British Open Preview

Predictably Unpredictable

Weather, course conditions and recent history suggest Turnberry's champ may be a player not on the radar

Brian Gay & David Duvall

wide open?: Gay (left), who has won twice this year, and a resurgent Duval could factor in Turnberry's fourth championship.

By Tim Rosaforte
Photos by Michael Cohen/Getty Images & Andy Lyons/Getty Images July 13, 2009

The three British Opens at Turnberry have been won by the greatest players of their time: Tom Watson in 1977, Greg Norman in 1986 and Nick Price in 1994. But if following a trend can help determine a champion, this year's winner of the claret jug will more likely be Bubba Watson than Tiger Woods.

Woods' convincing victory in the AT&T National at Congressional makes him a resounding favorite to join the hall of famers as champions at Turnberry, but results from this year's Masters and U.S. Open raise the prospect that Tiger will not win—and neither will slumping Padraig Harrington in his quest for three straight Open titles. The winner, as happened at the Masters and U.S. Open, will just as likely come from somewhere down the World Ranking.

Although Angel Cabrera won the U.S. Open at Oakmont in 2007, there were no indications he would have the surge in bravado he displayed down the stretch at the Masters. The Argentine was coming off back-to-back missed cuts and had dropped to 69th in the world, but he won the green jacket after receiving one of history's most timely major championship ricochets—playing from the trees on the first playoff hole, his ball hit a tree trunk and caromed onto the fairway.

Lucas Glover was ranked 71st coming into the U.S. Open, but a scouting report on the Clemson grad always included the words, "tries too hard.'' As Woods missed putts and finished T-6, and fan favorite Phil Mickelson suffered another heartbreaking conclusion, Glover, with just one career PGA Tour win, played with the calm and patience of a man who had closed out a major before.

Like Norman last year at Royal Birkdale—the Shark came from No. 646 in the world to within nine holes of raising the jug for the third time—players coming from the nether reaches of the World Ranking to contend in majors has become commonplace. At Bethpage, David Duval, ranked 882nd, tied for second with Ricky Barnes (ranked 519th) and Mickelson. Sharing silver-medalist honors on Long Island in June has to take Duval off the list of unlikely candidates to win the British Open—or does it?

Duval proved he is as close to resurrecting his game as he has been intimating since last year at Birkdale, where he was tied for fourth after two rounds of 73-69, before a third-round 83 in 50 mile-per-hour winds cut into his comeback. He wasn't heard from again until Bethpage, missing 12 cuts in 20 starts in the interim.
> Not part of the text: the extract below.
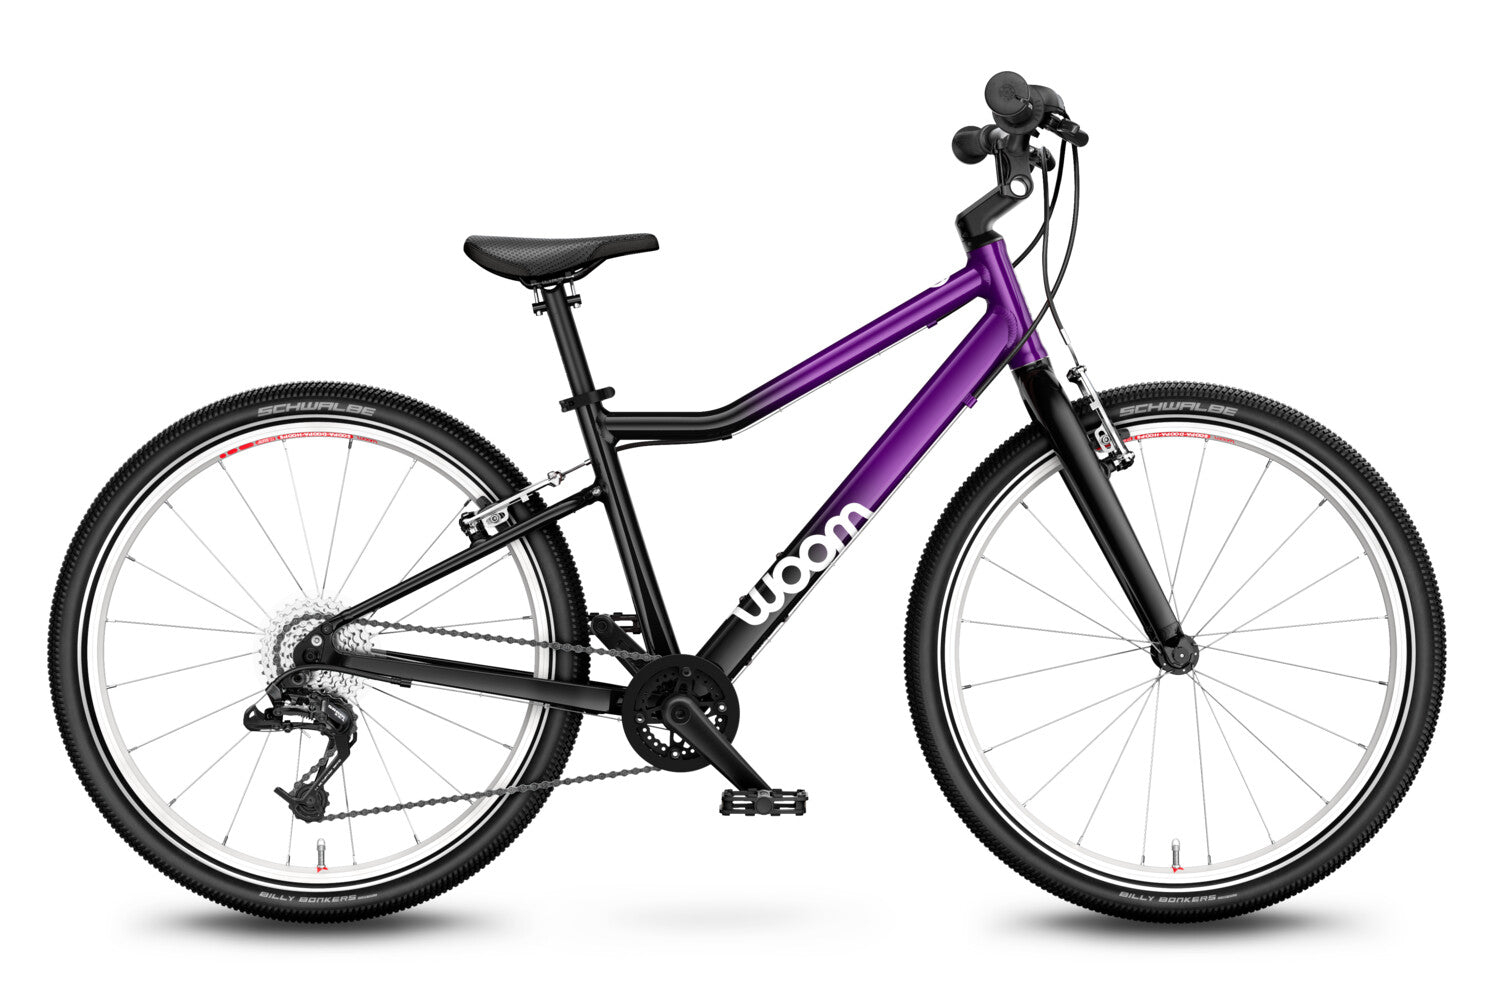 Bicicleta pentru copii Woom 5 Purple Twilight

"I don't know what it is about him and Opens," swing coach Puggy Blackmon said. "The harder the golf course, the more he focuses."
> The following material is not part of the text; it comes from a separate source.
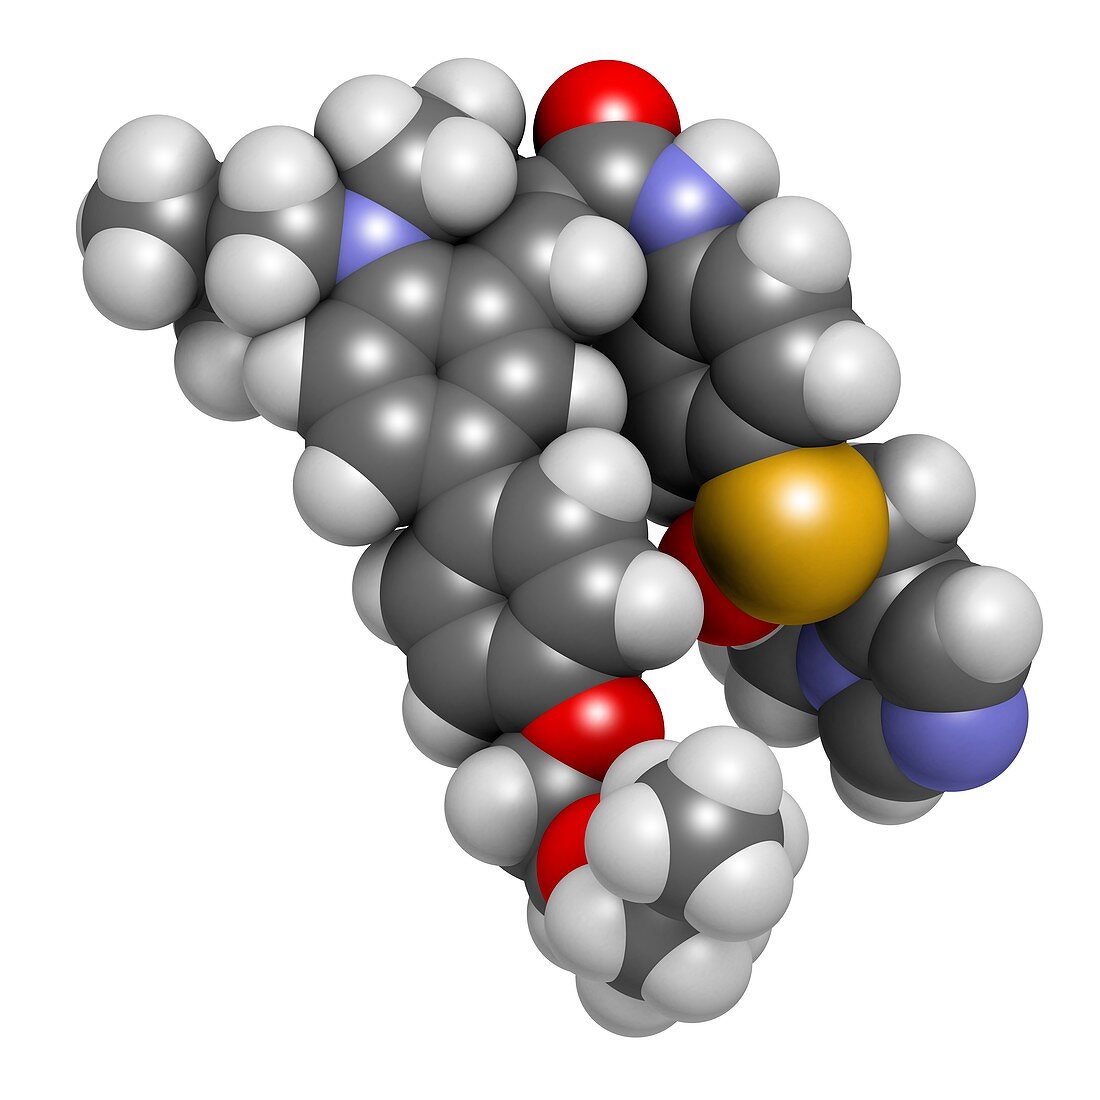 Cenicriviroc HIV drug molecule

Eight years have passed since Duval's win at Royal Lytham, but after Bethpage, Blackmon likes his golfer's state of mind. "The confidence is back, and he's playing golf again," Blackmon said. "The next two weeks should be good. He's excited, juiced. It'll be interesting to see where these next two weeks [take him], but I'd put him on the radar. Stranger things have happened, and you know how much he likes the British Open."

Duval will use the John Deere Classic as a warm-up, and then take the tournament's player charter to Scotland.

It shouldn't be considered outrageous that a player ranked in triple digits can win the British Open. Paul Lawrie was 159th when he won at Carnoustie in 1999. In 2003 Ben Curtis was 396th when he outlasted Woods, Vijay Singh and Davis Love III. The last time the Open was held on the Ayrshire Coast, in 2004 at Royal Troon, Todd Hamilton, ranked 56th, beat Ernie Els in a playoff.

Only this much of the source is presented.